Frontier-LLM “build an index per document” stacks optimize a different cost and reproducibility tradeoff; RAGNav targets **pip-install hybrid search** with **offline, reproducible** benchmarks.

```bash
pip install ragnav[embeddings]
```

```python
from ragnav import RAGNavIndex, RAGNavRetriever
from ragnav.ingest.markdown import ingest_markdown_string

doc, blocks = ingest_markdown_string(
    "Paris is the capital of France.",
    name="demo.md",
)
index = RAGNavIndex.build(
    documents=[doc],
    blocks=blocks,
    use_sentence_transformers=True,
    vector_model="all-MiniLM-L6-v2",
    embed_batch_size=32,
)
retriever = RAGNavRetriever(index=index)
result = retriever.retrieve(
    "What is the capital of France?",
    top_k=5,
    expand_structure=False,
    expand_graph=False,
)
print(result.blocks[0].text)
print(result.confidence)
```

![RAGNav architecture](https://raw.githubusercontent.com/irfanalidv/RAGNav/main/assets/ragnav-architecture.png?v=4)

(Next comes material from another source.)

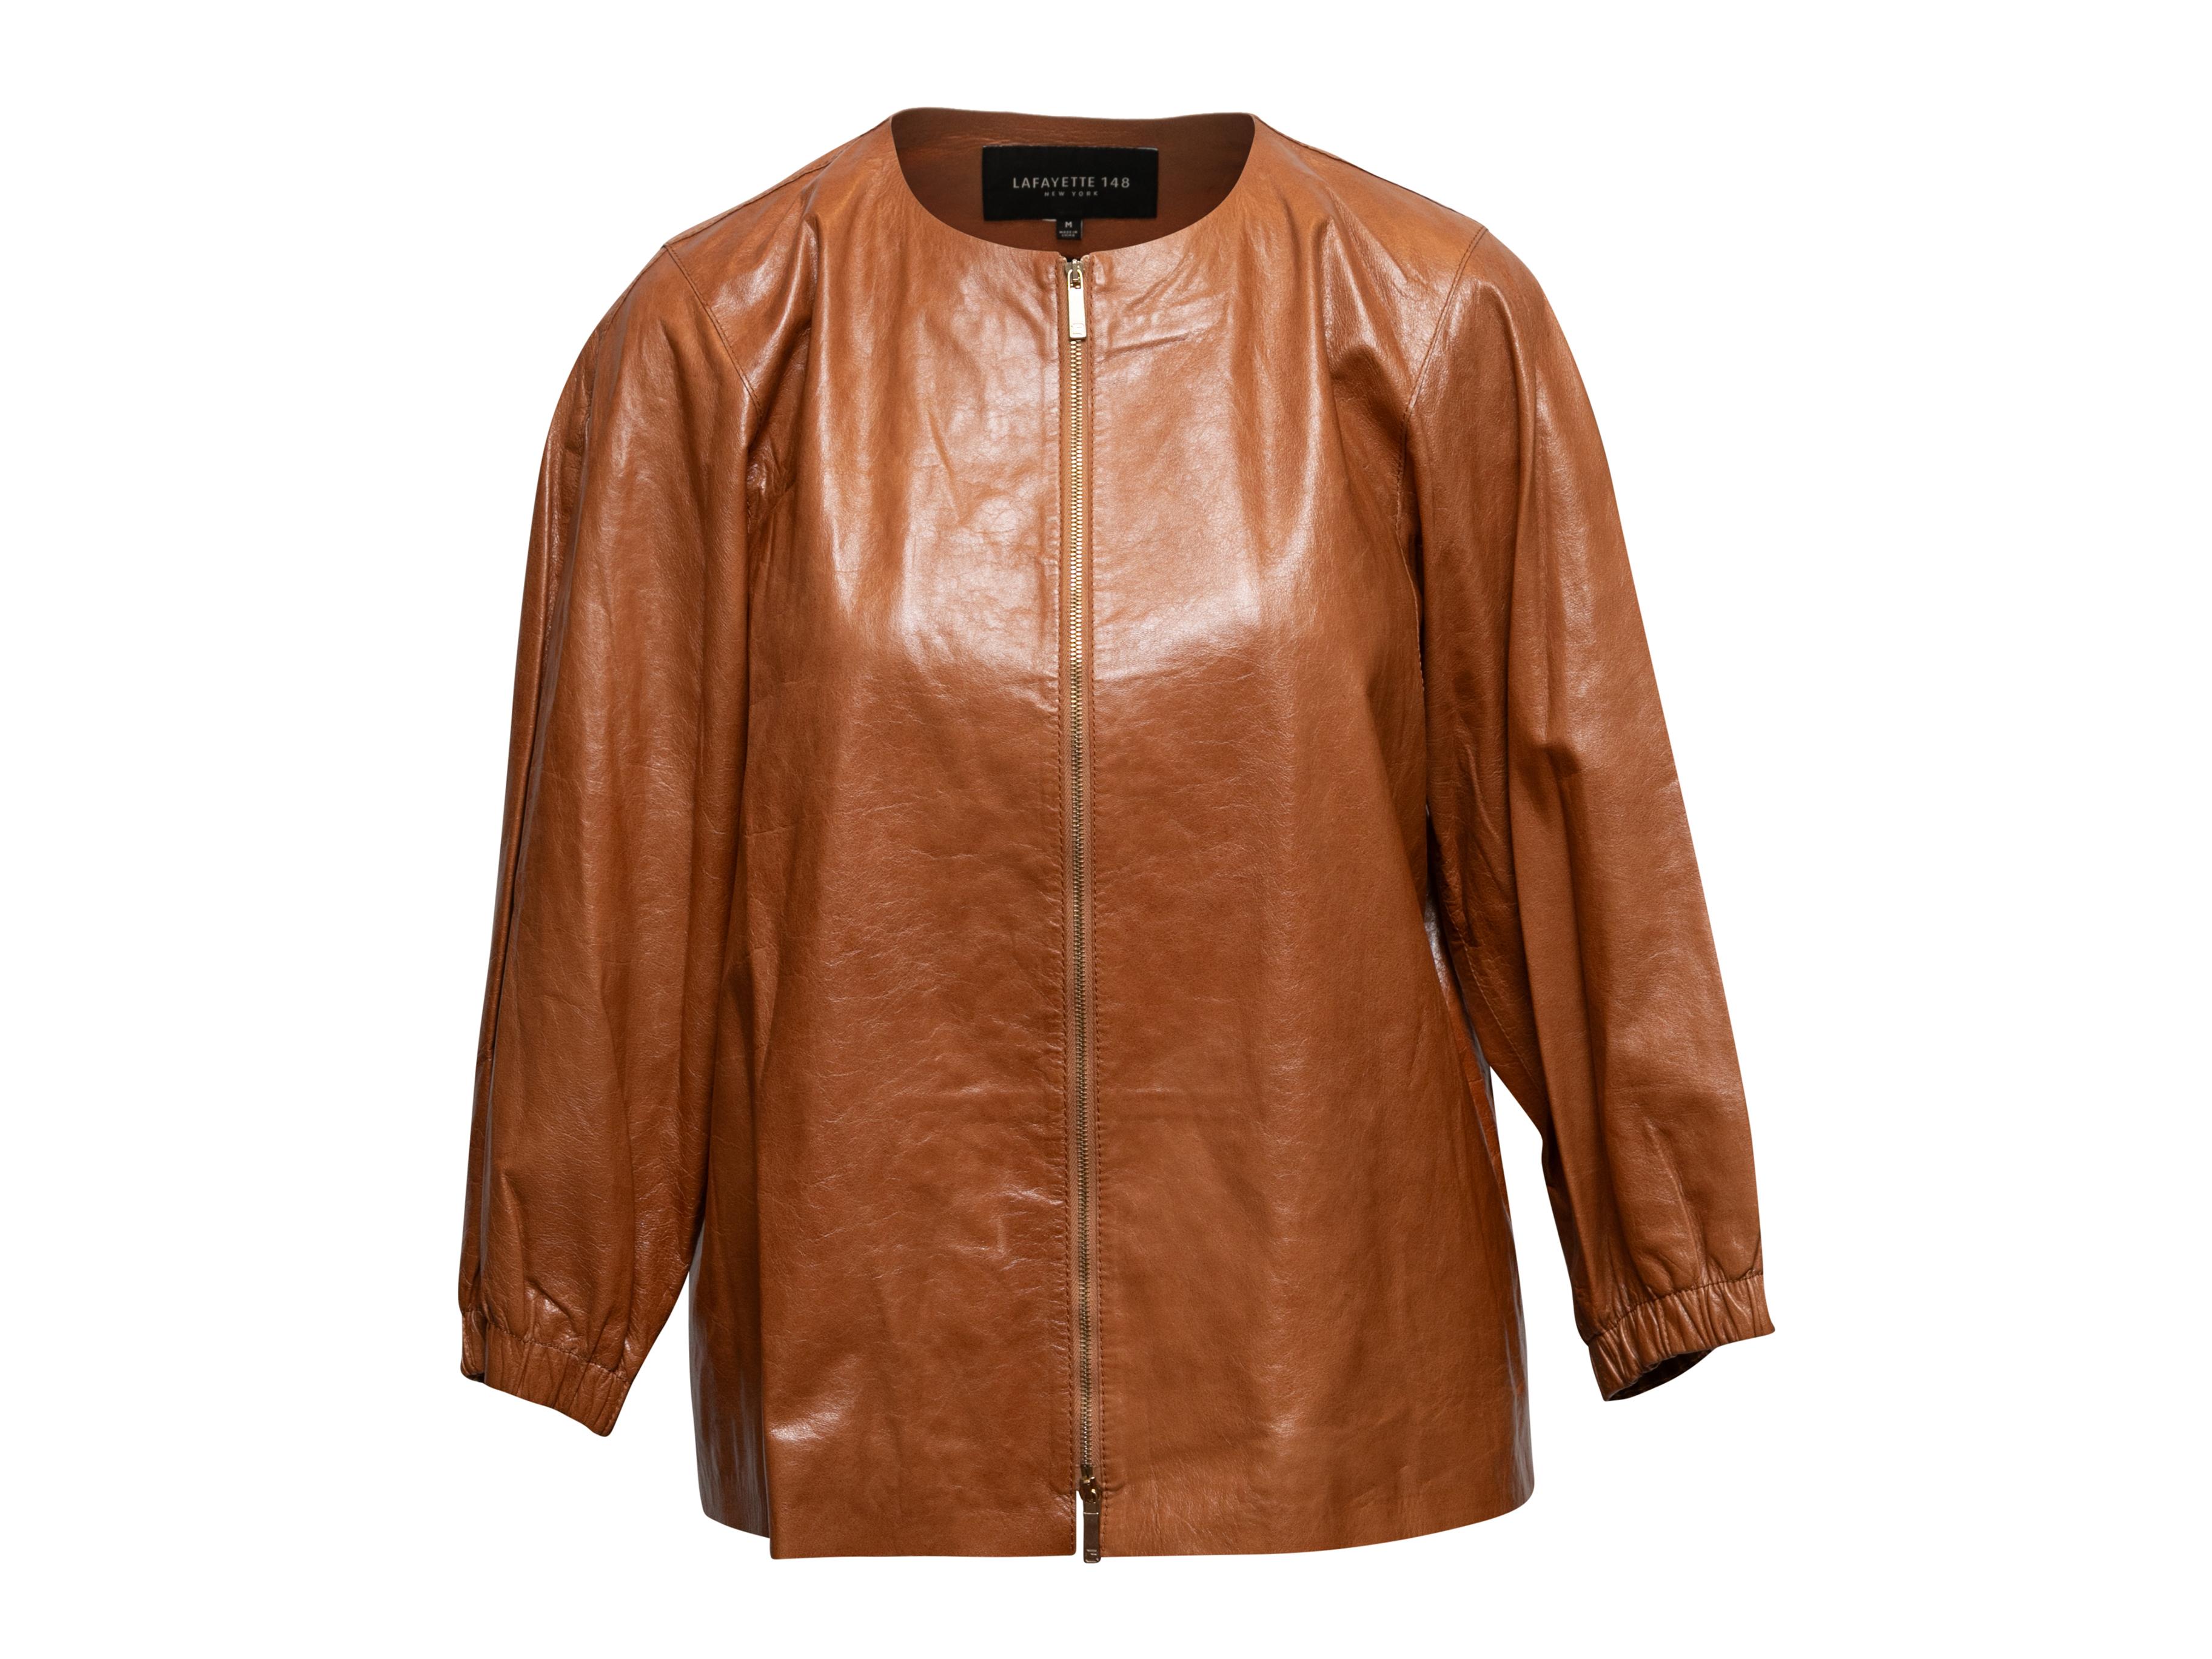 Brown leather collarless jacket by Lafayette 148. Crew neck. Zip closure at center front. 40

Regenerate this figure: `python3 scripts/gen_architecture.py` (needs Pillow, e.g. `pip install ragnav[dev]`).

### Long PDFs and paper mode

For **papers and long PDFs**, use **navigation-first** routing (pages → evidence → optional `link_to` refs). That workflow is **not** required for the markdown snippet above; see [Quickstart (Python): papers](#quickstart-python-papers-recommended) and the CLI section below.

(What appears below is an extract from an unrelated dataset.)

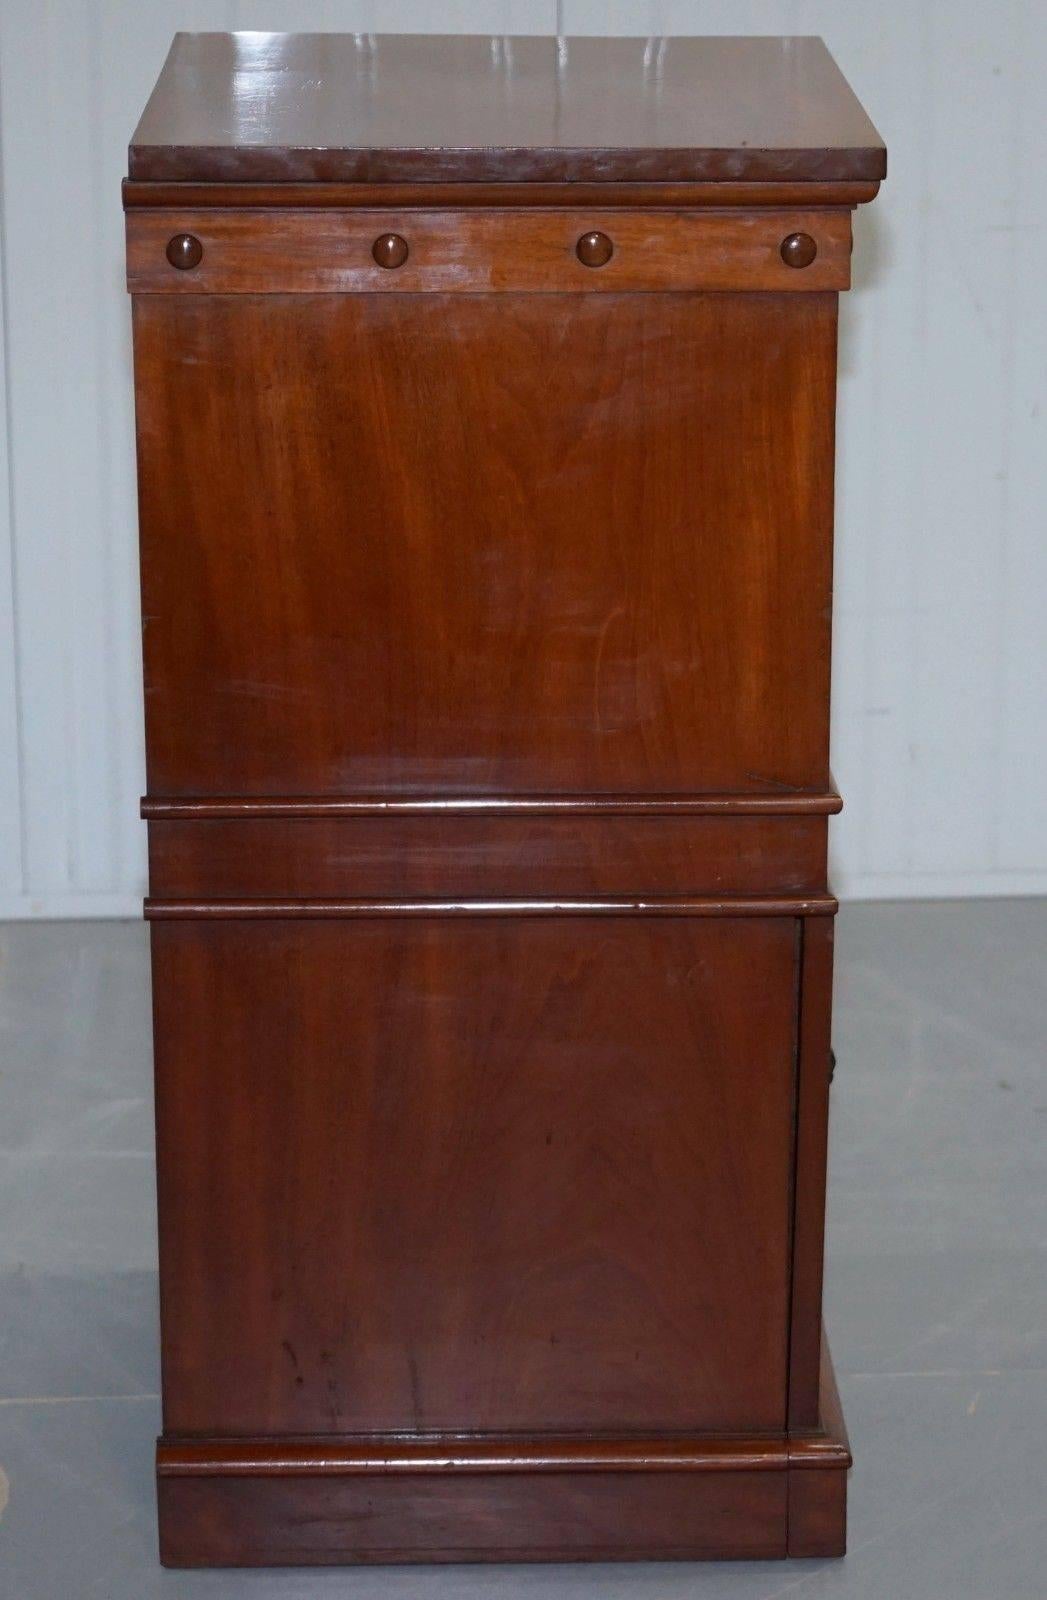 Rare C Hindley and Sons, 1766-1895 Satin Walnut Drinks Pedestal Cabinet Tambour 1

## The problem (why long-document QA fails)

LLMs have finite context windows and degrade on long inputs (“lost in the middle” effects). In long PDFs (papers, reports, manuals), naive retrieval often returns *plausible* text but misses the *right* place.

## Why classic vector + chunk RAG fails (in PDFs)

1. **Intent mismatch**: the query expresses intent; the most similar text isn’t always the most relevant.
2. **Hard chunking breaks meaning**: chunks cut across sections/tables/captions, losing provenance and coherence.
3. **Similarity ≠ relevance**: many sections look semantically similar (especially in technical documents).
4. **Cross-references**: “see Figure 3 / Table 2 / Appendix A / Section 4.1” rarely matches the referenced content.
5. **No navigation**: users don’t want “top-k chunks”; they want *where the answer lives* + traceable evidence.

## RAGNav’s approach (navigation-first retrieval loop)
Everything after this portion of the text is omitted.